= Venus Over Manhattan =

Art gallery in New York City

Venus Over Manhattan, known as VENUS, was an art gallery founded in 2012 by Adam Lindemann, with two locations in Manhattan, that closed in 2025.

==History==
Venus Over Manhattan was dedicated to unique and iconoclastic exhibitions featuring the work of both historic and contemporary artists. The gallery has recently staged major and critically acclaimed exhibitions of work by Richard Mayhew, Peter Saul, Robert Colescott and Jim Nutt.

In addition, the gallery has shown artists and estates that it represents including Peter Saul, Robert Colescott, Richard Mayhew, Keiichi Tanaami, Joseph Elmer Yoakum, Maryan, H.C. Westermann, Jack Goldstein, Joan Brown, Roger Brown, John Dogg, Susumu Kamijo, Ana Benaroya, Anastasia Bay, Sophie Larrimore, Sally Saul, and Shinichi Sawada.

In its ten-year history, Venus Over Manhattan has also presented exhibitions of work by Katherine Bernhardt, Alexander Calder, Maurizio Cattelan, Mike Kelley, John McCracken, David Medalla, Cady Noland, Raymond Pettibon, Andy Warhol, Franz West, William N. Copley, Walter Dahn, H.C. Westermann and Roy De Forest.

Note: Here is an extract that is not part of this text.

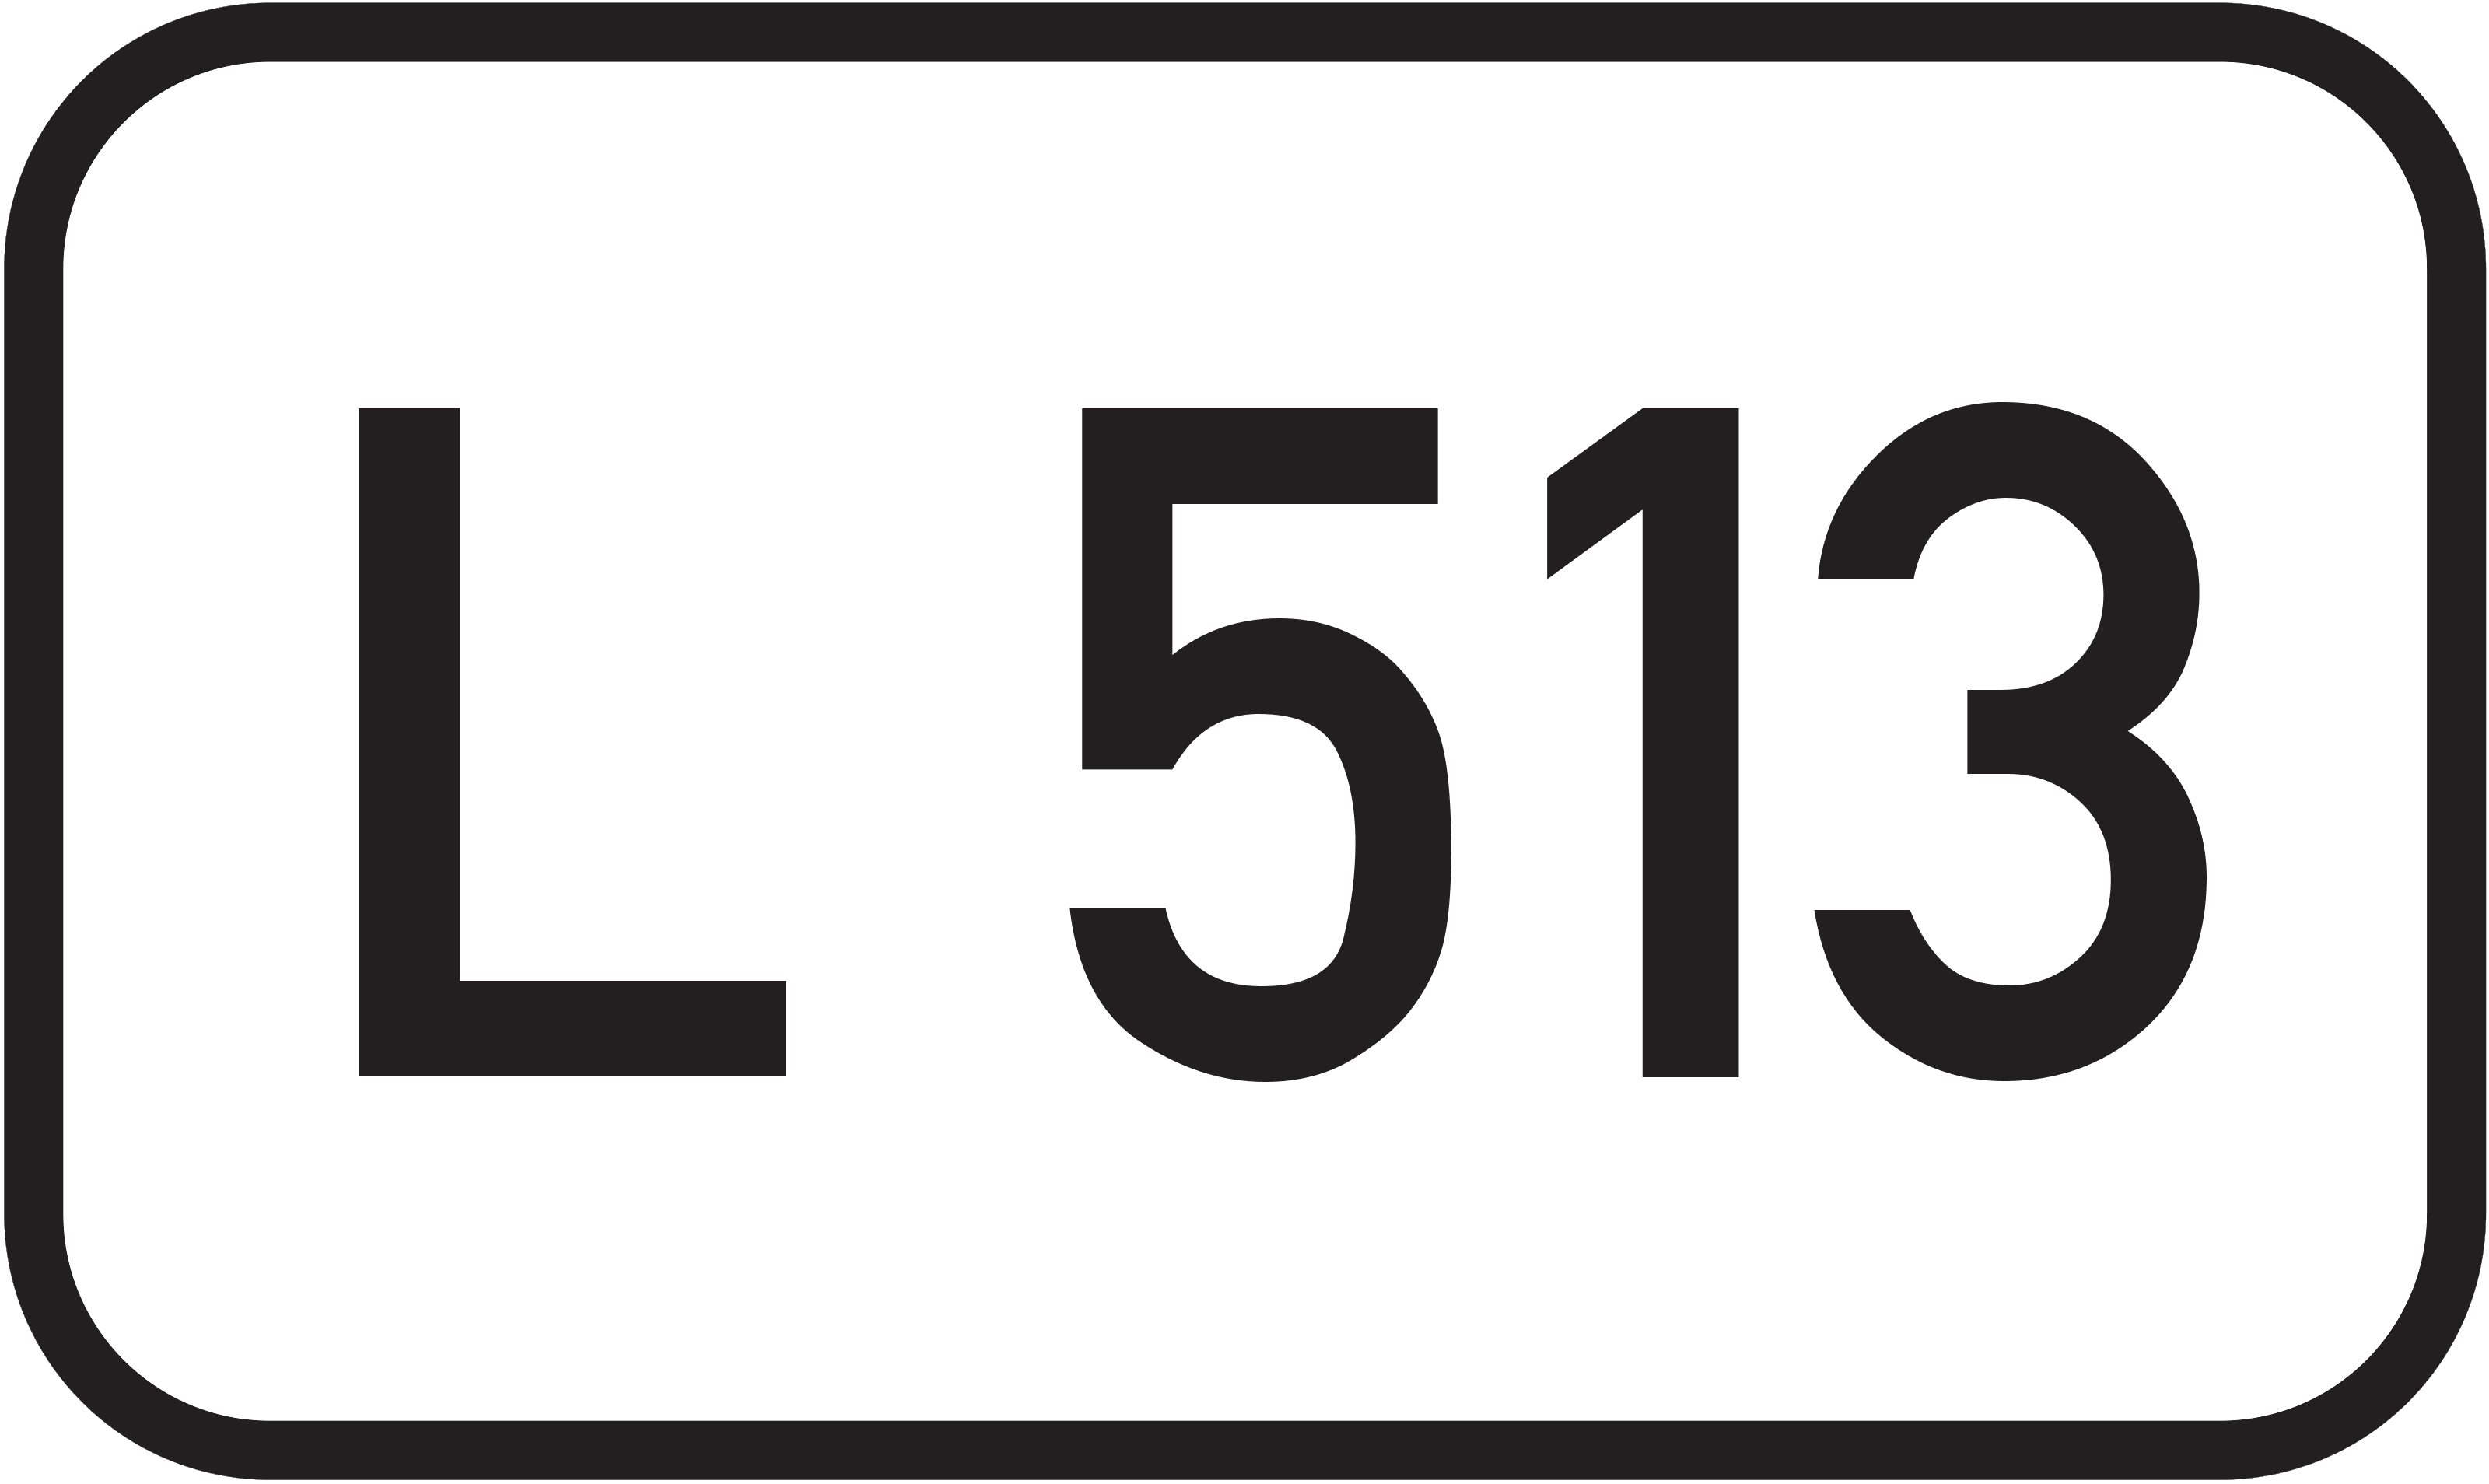 Landesstraße L 513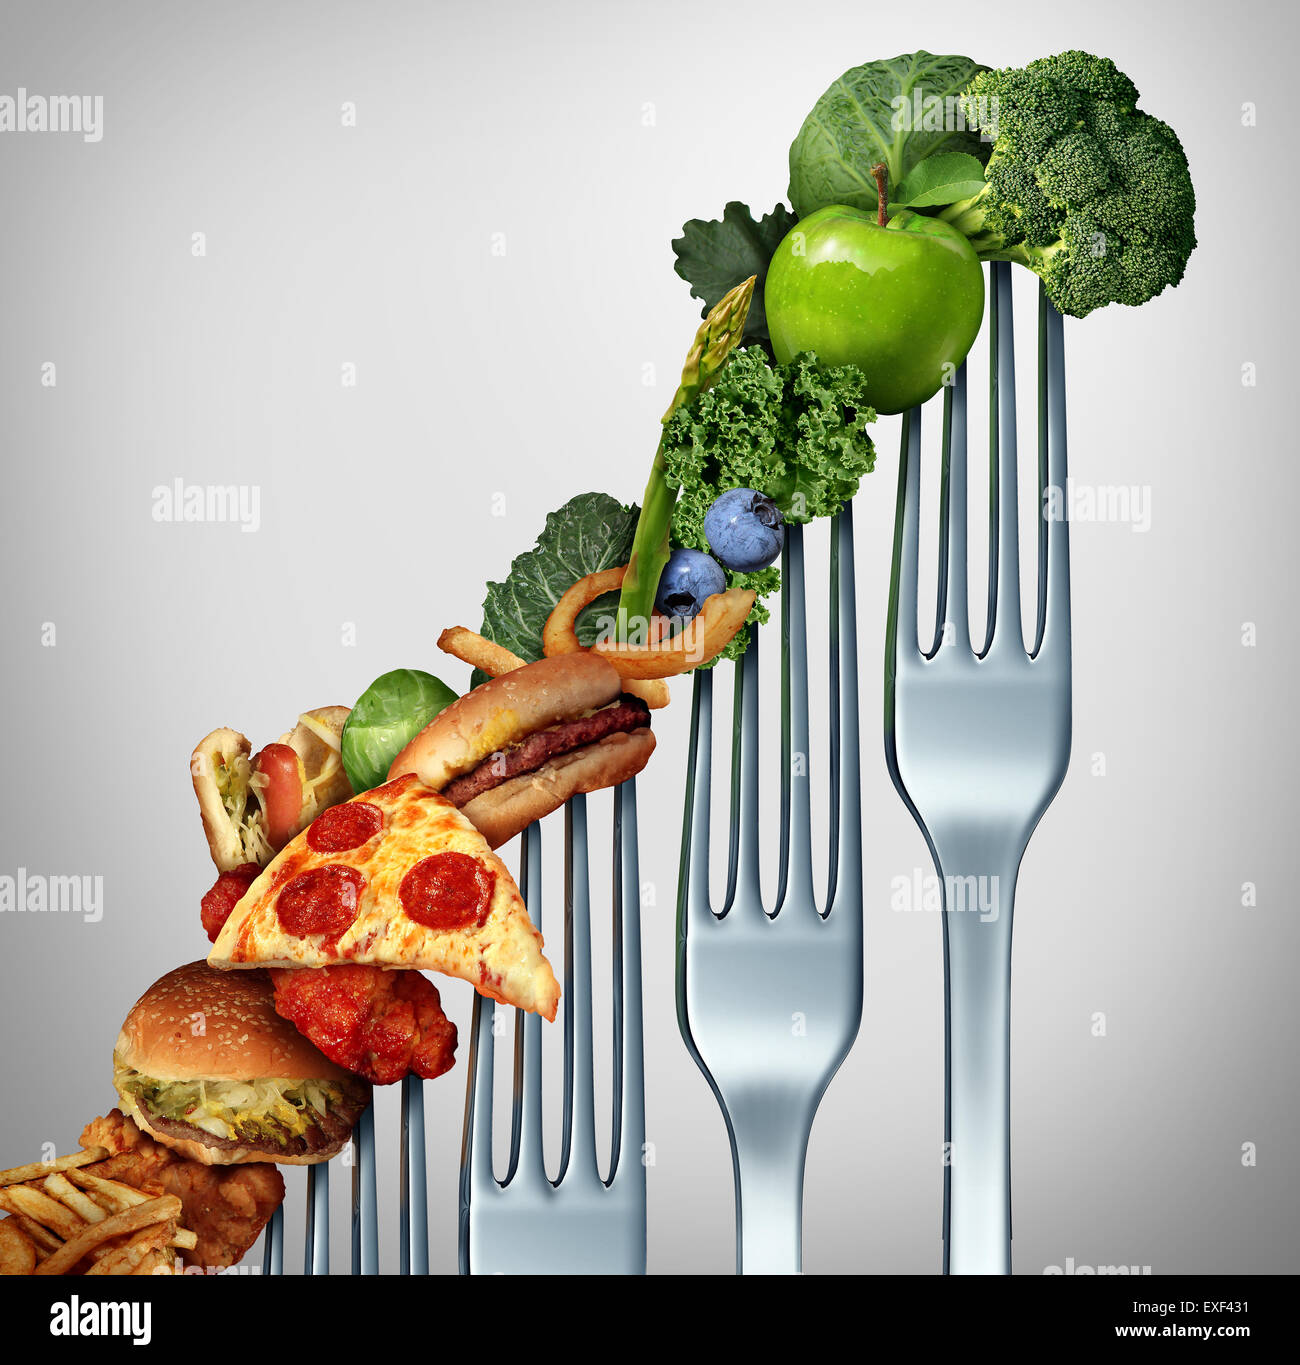 Ernährung Fortschritt ändern wie ein gesunder Lebensstil Verbesserung Konzept und weiterentwickelt, um der Herausforderung der Verzehr von rohen Lebensmitteln und Gewicht zu verlieren, als eine Gruppe von steigenden Gabeln mit Mahlzeit Artikeln darauf aus fetthaltigen Lebensmitteln auf Gemüse und Obst. Stockfoto

Venus Over Manhattan has also collaborated with prominent foundations, estates, including the Calder Foundation the estate of William N. Copley, and acquired the estate of Chicago gallerist Allan Frumkin.

As of April 2023, the gallery occupied two spaces at 39 and 55 Great Jones Street in Manhattan’s Noho area.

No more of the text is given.